Modern day aeroplanes already use winglets to minimise the effects of tip vortices, but the concept is yet to transfer to the wind energy industry.
Tip vortices are eddies of air that spiral off the blade tips, caused by changes in pressure below and above the blade as it moves.
Lift is generated by lower pressure on top of the blade creating a suction effect upwards and higher pressure below the blade, but as the higher pressure latter tries to create an equilibrium it creates those eddies of air, which in turn create drag and reduce efficiency.
The condor-style winglet, designed by Canadian company Biome, increased the pressure along the blade as well as changed the tip vortices at the end.
“The results of the steady-state [computer] simulations showed that the winglets improve wake recovery, and the inclusion of winglets has a positive effect on the velocity deficit recovery,” the researchers wrote.
“The results of the wake study and the power production suggest that this bio-inspired design can increase the power output of the wind turbines while also facilitating the recovery of velocity lost due to the power extraction in the wake.”

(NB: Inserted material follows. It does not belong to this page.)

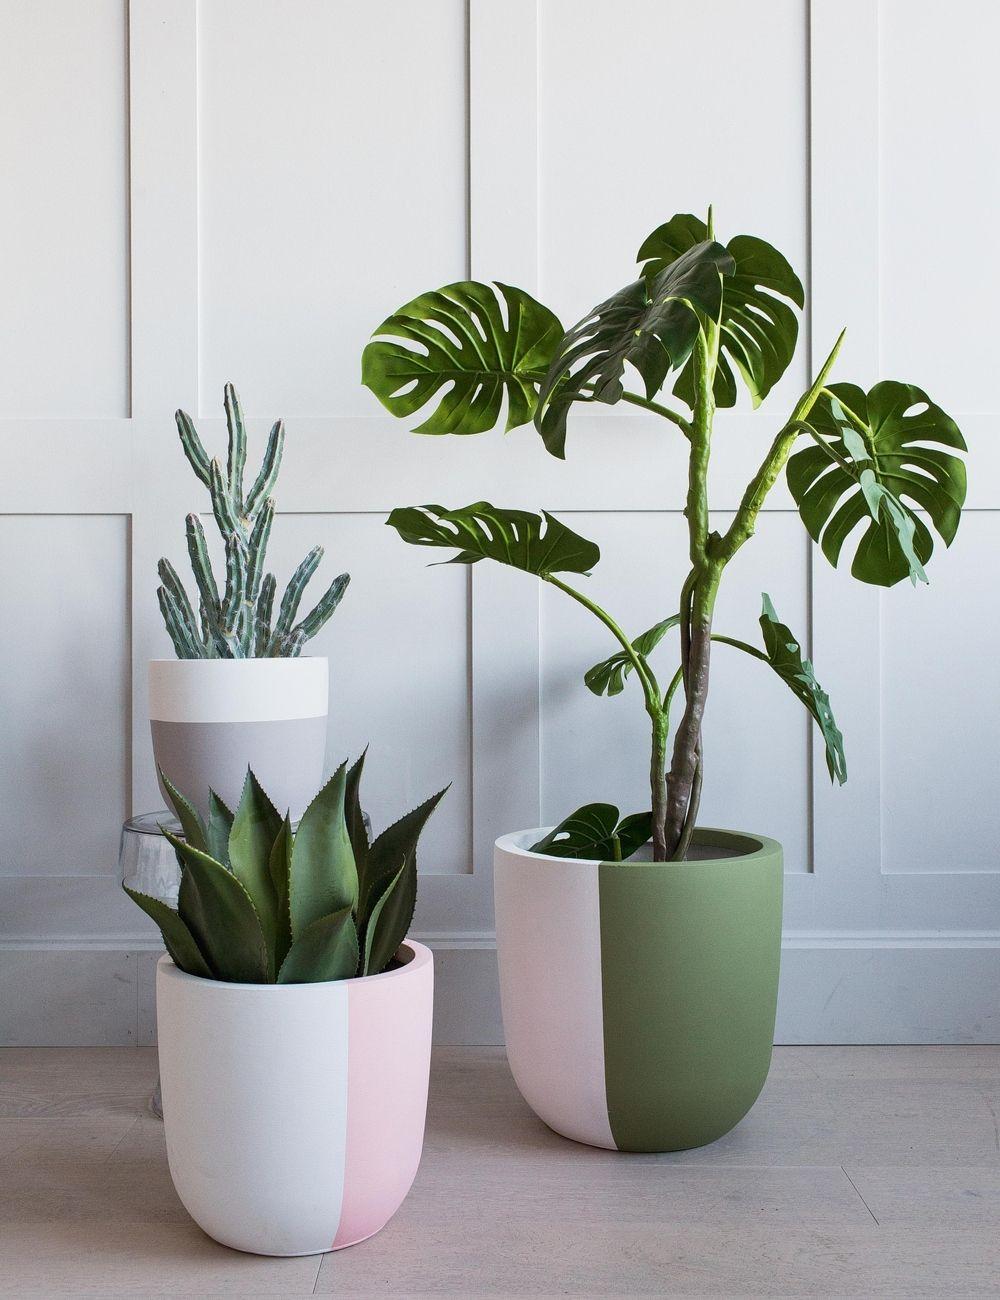 Small Dia 27cm X H 26cmmedium Dia 34cm X H 33cmlarge Dia 43cm X H 42cmhand Painted In The Uk Made Clay Plant Pots House Plants Decor Plant Pot Diy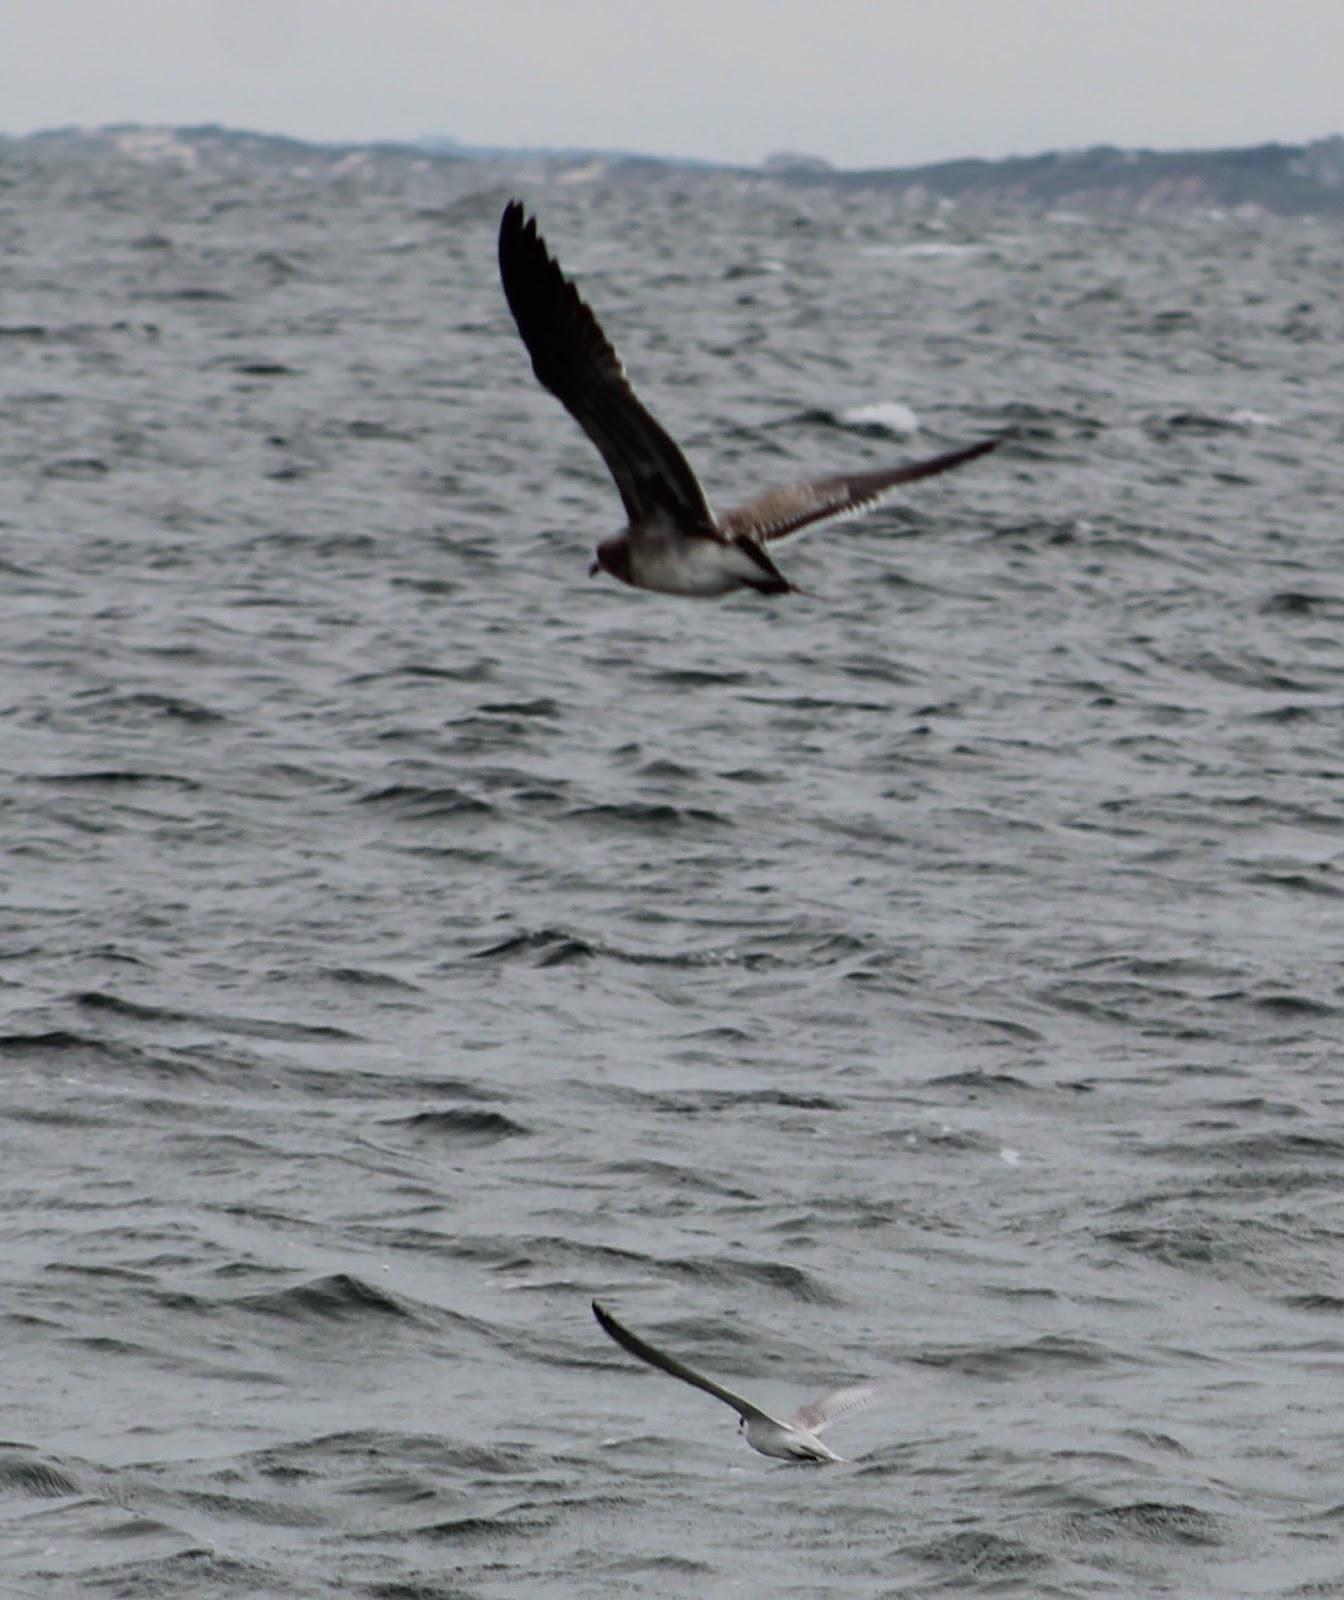 Cape Cod Bird Nerd

The condor was specifically chosen as the bird to mimic because of the unique traits of a wing that keeps a very heavy bird – the Andean condor is the largest flying bird in the world today – in the air for hours at a time.
The condor’s wings are designed to glide, allowing it to cover distances of 170km in just five hours.
The Biome winglet is added to the blade after production. The study tested two designs within a computer simulation: one version that added less than a metre to the blade length and one that didn’t alter the blade length at all.
The latter provided an average 4 per cent increase in power when the turbine ran at speeds of 8,9,10 and 11 metres per second (m/s). The slightly longer blade gave an average 10 per cent extra power.
The winglet increased torque, the rotational force around the turbine, due to changes in the way air moves around the blade tip.
The researchers are now taking the next steps towards adding bio-mimicry to wind turbines, with further study that will capture “the unsteady nature of the wind turbine’s rotational motion using more advanced turbulence models”.